■ PROVIDED DATA ■
Start of Block
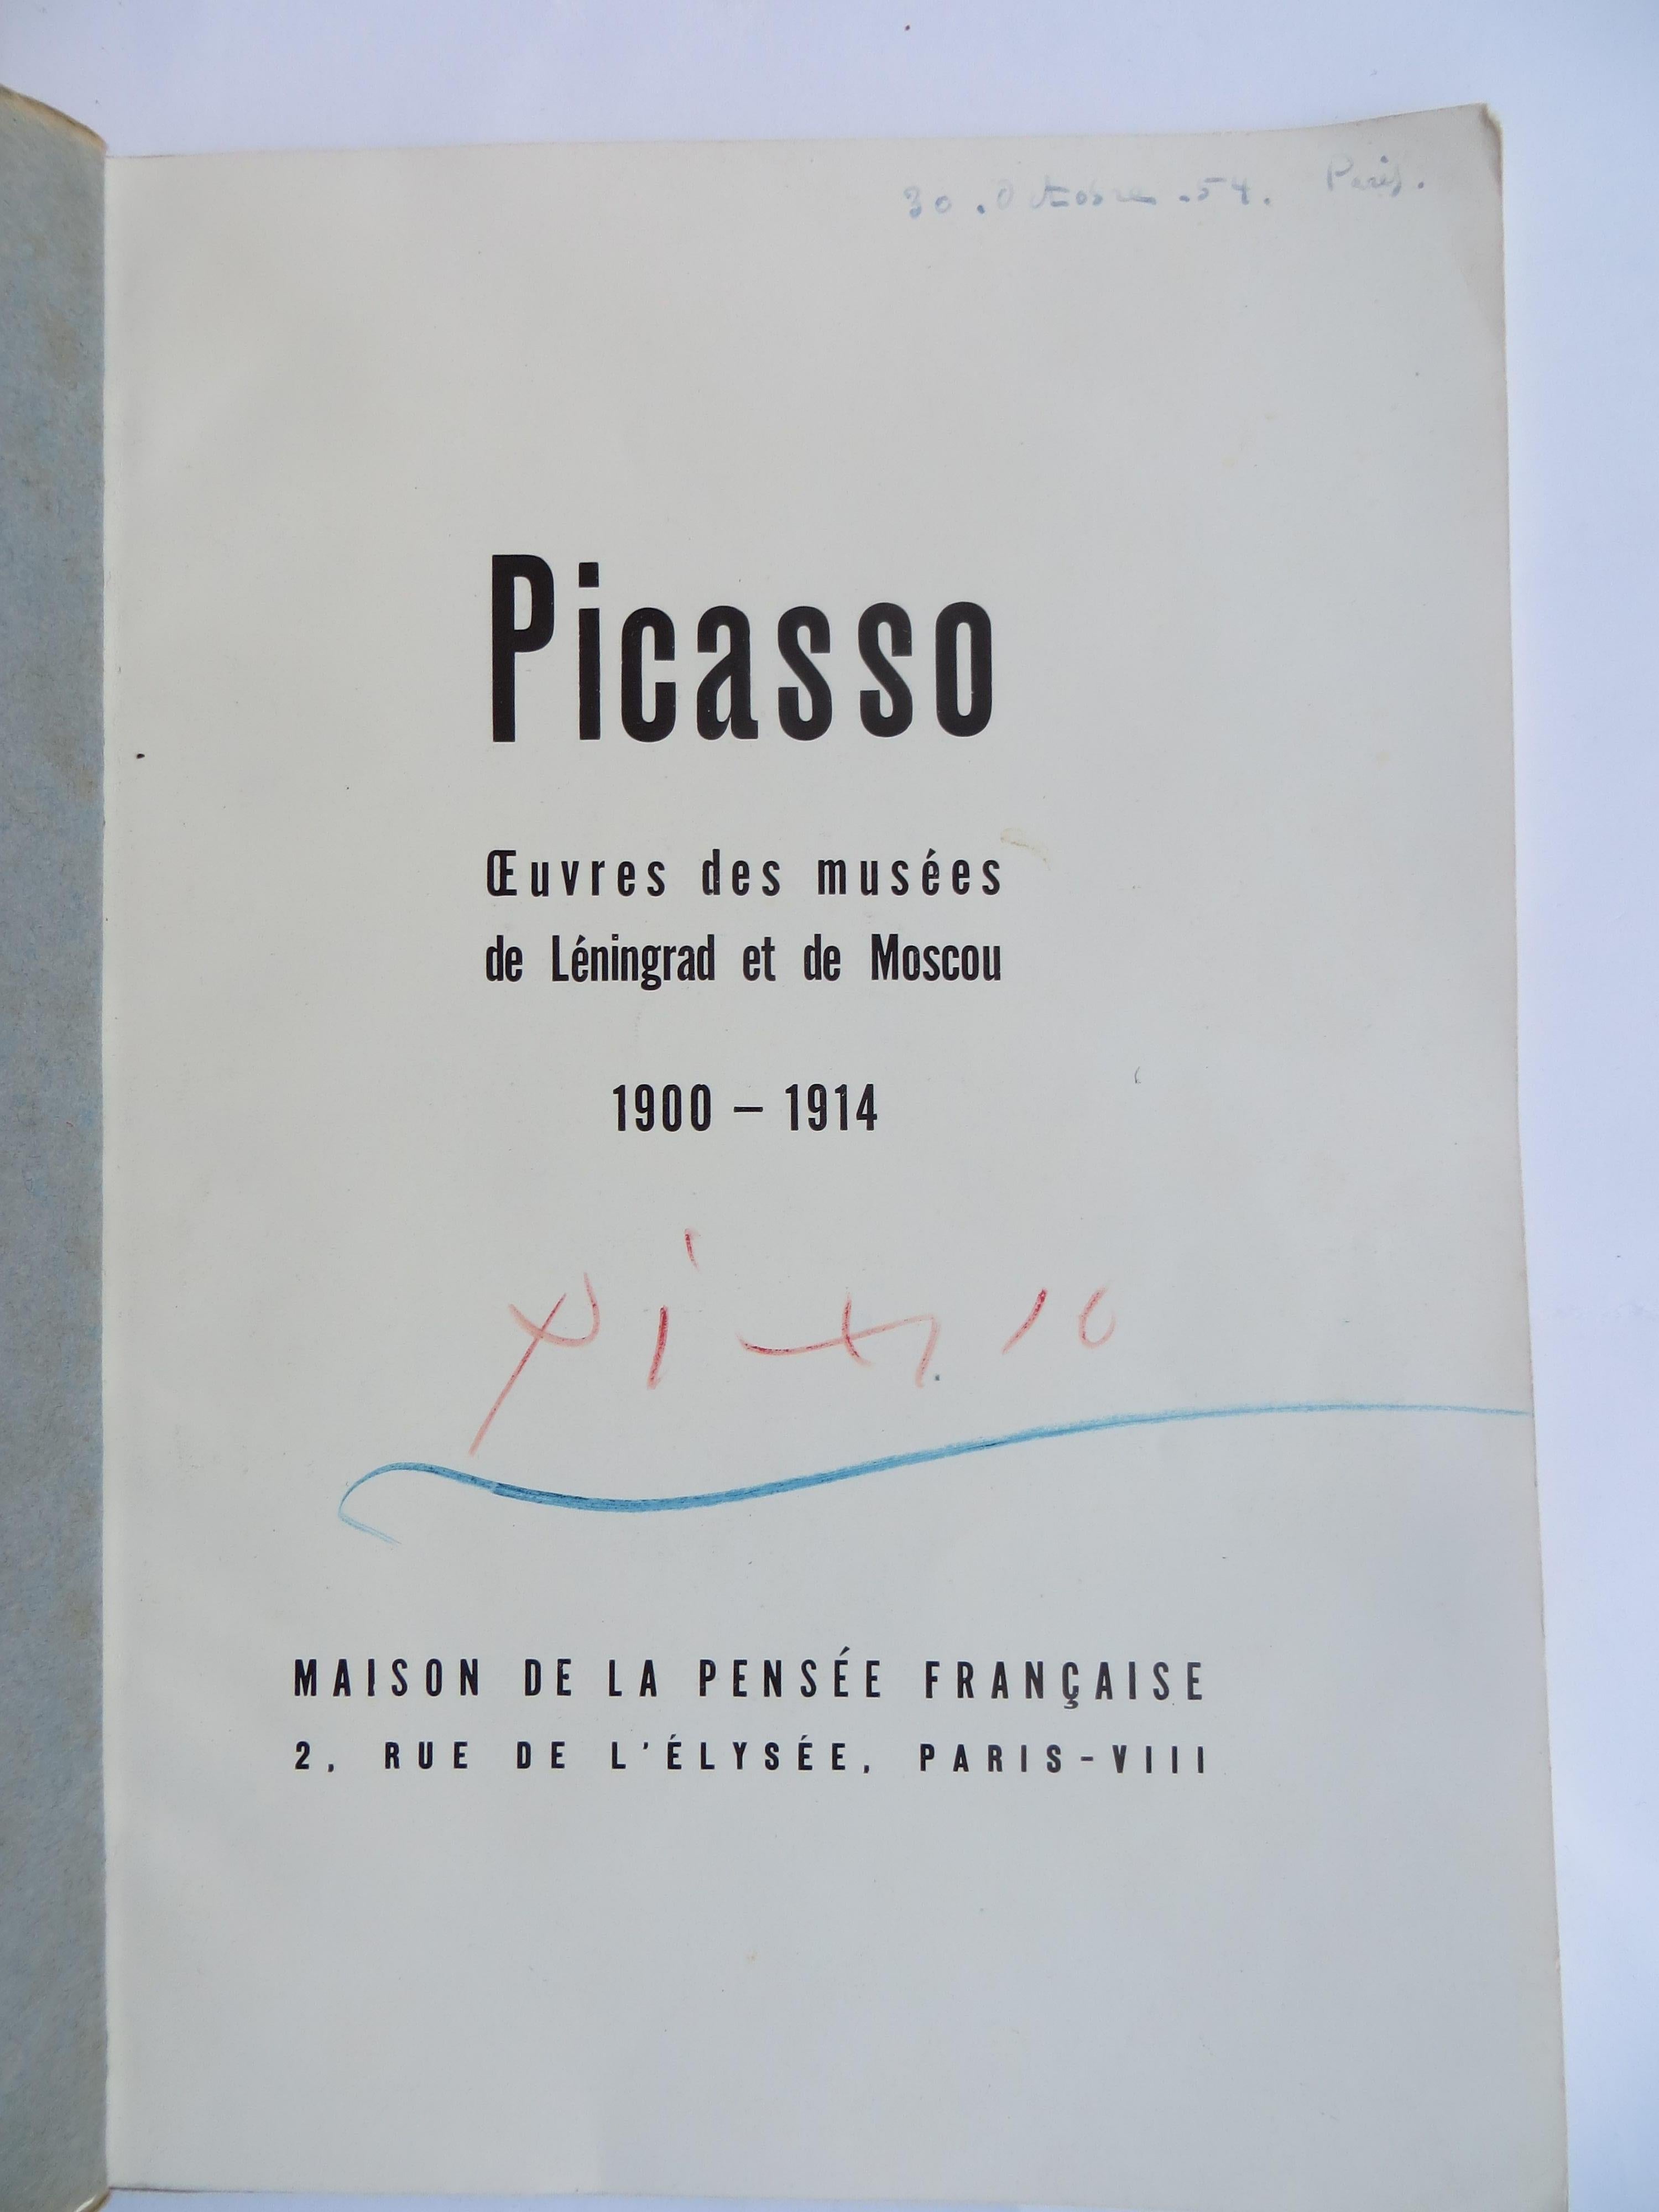 Figurative Print Pablo Picasso - Picasso. Oeuvres de 1900 à 1914. Signature écrite à la main d'Oeuvres de musees
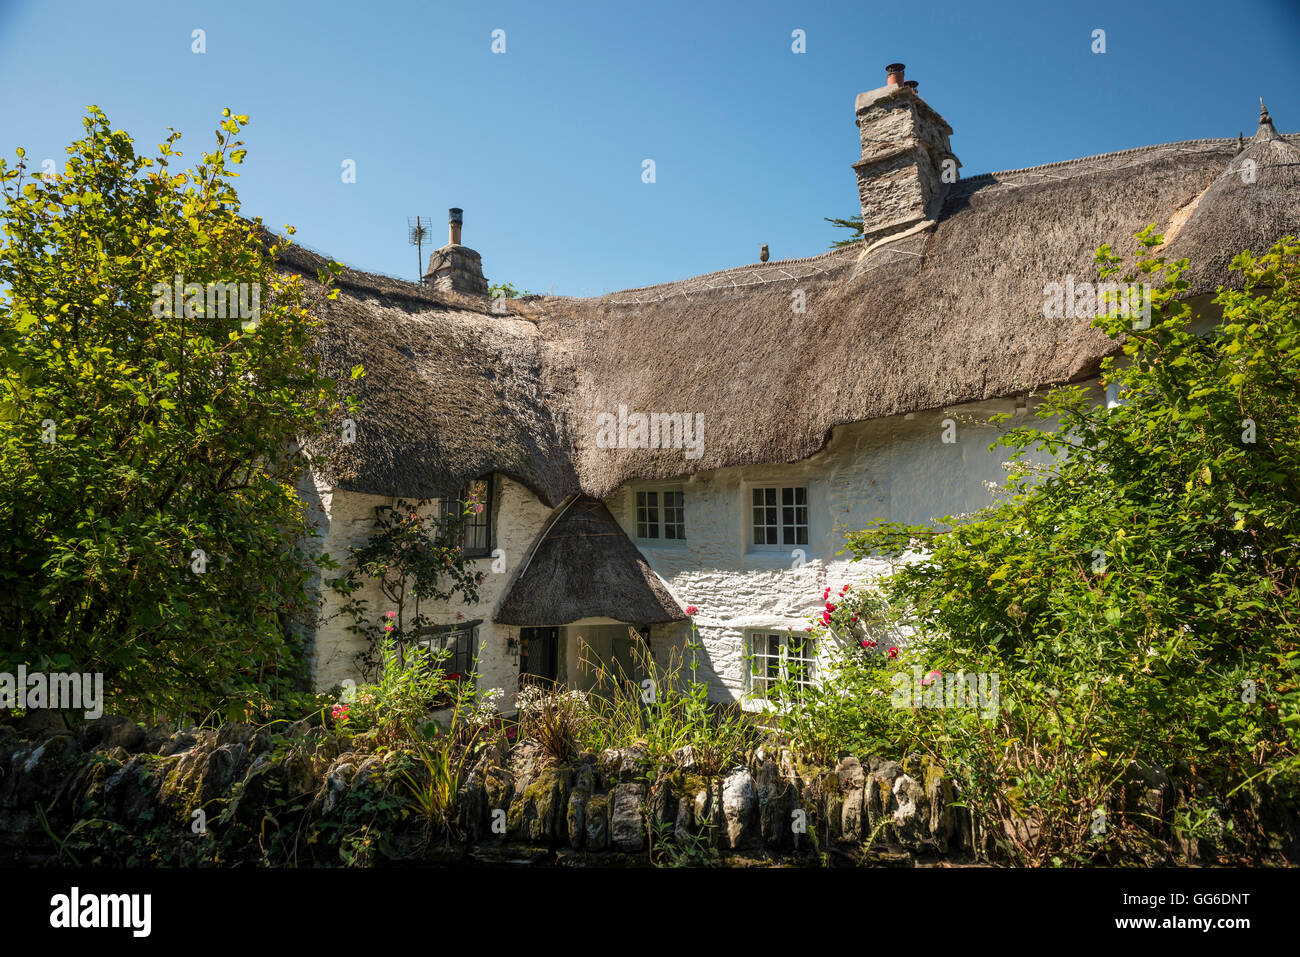 Antico cottage con il tetto di paglia nel villaggio di Ringmore nel sud prosciutti, Devon, Regno Unito Foto Stock
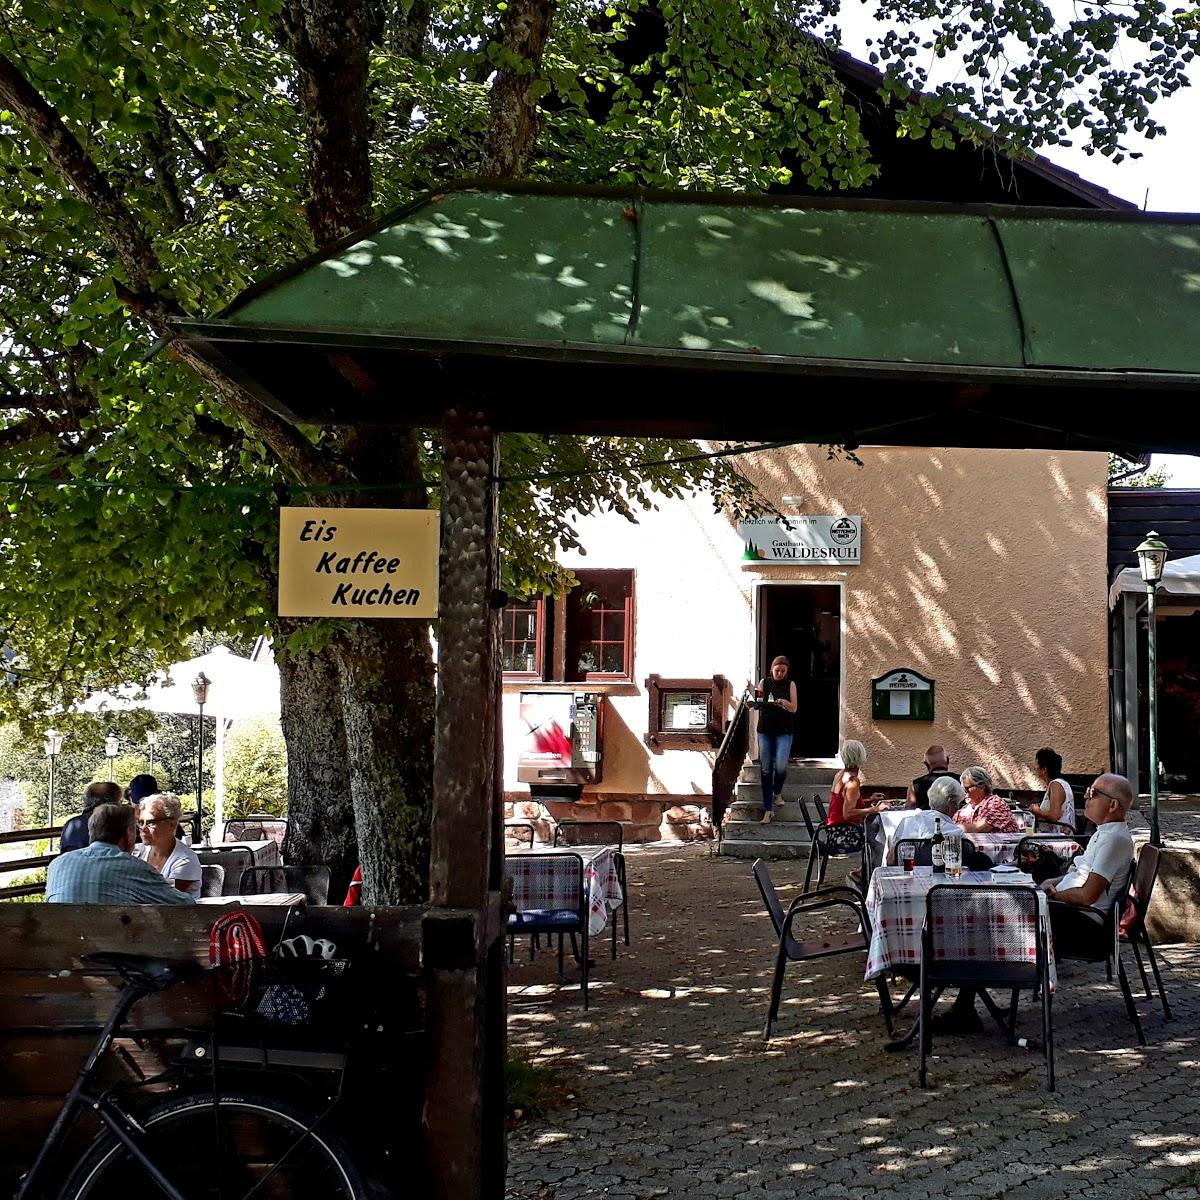 Restaurant "Gasthaus Waldesruh" in Forbach
End of Block
■ AIM OF THE EXERCISE ■
Retype the listing exactly. Skip every picture.

■ RESULT OF THE TASK ■
 Figurative Print Pablo Picasso - Picasso. Oeuvres de 1900 à 1914. Signature écrite à la main d'Oeuvres de musees
 Antico cottage con il tetto di paglia nel villaggio di Ringmore nel sud prosciutti, Devon, Regno Unito Foto Stock
 Restaurant "Gasthaus Waldesruh" in Forbach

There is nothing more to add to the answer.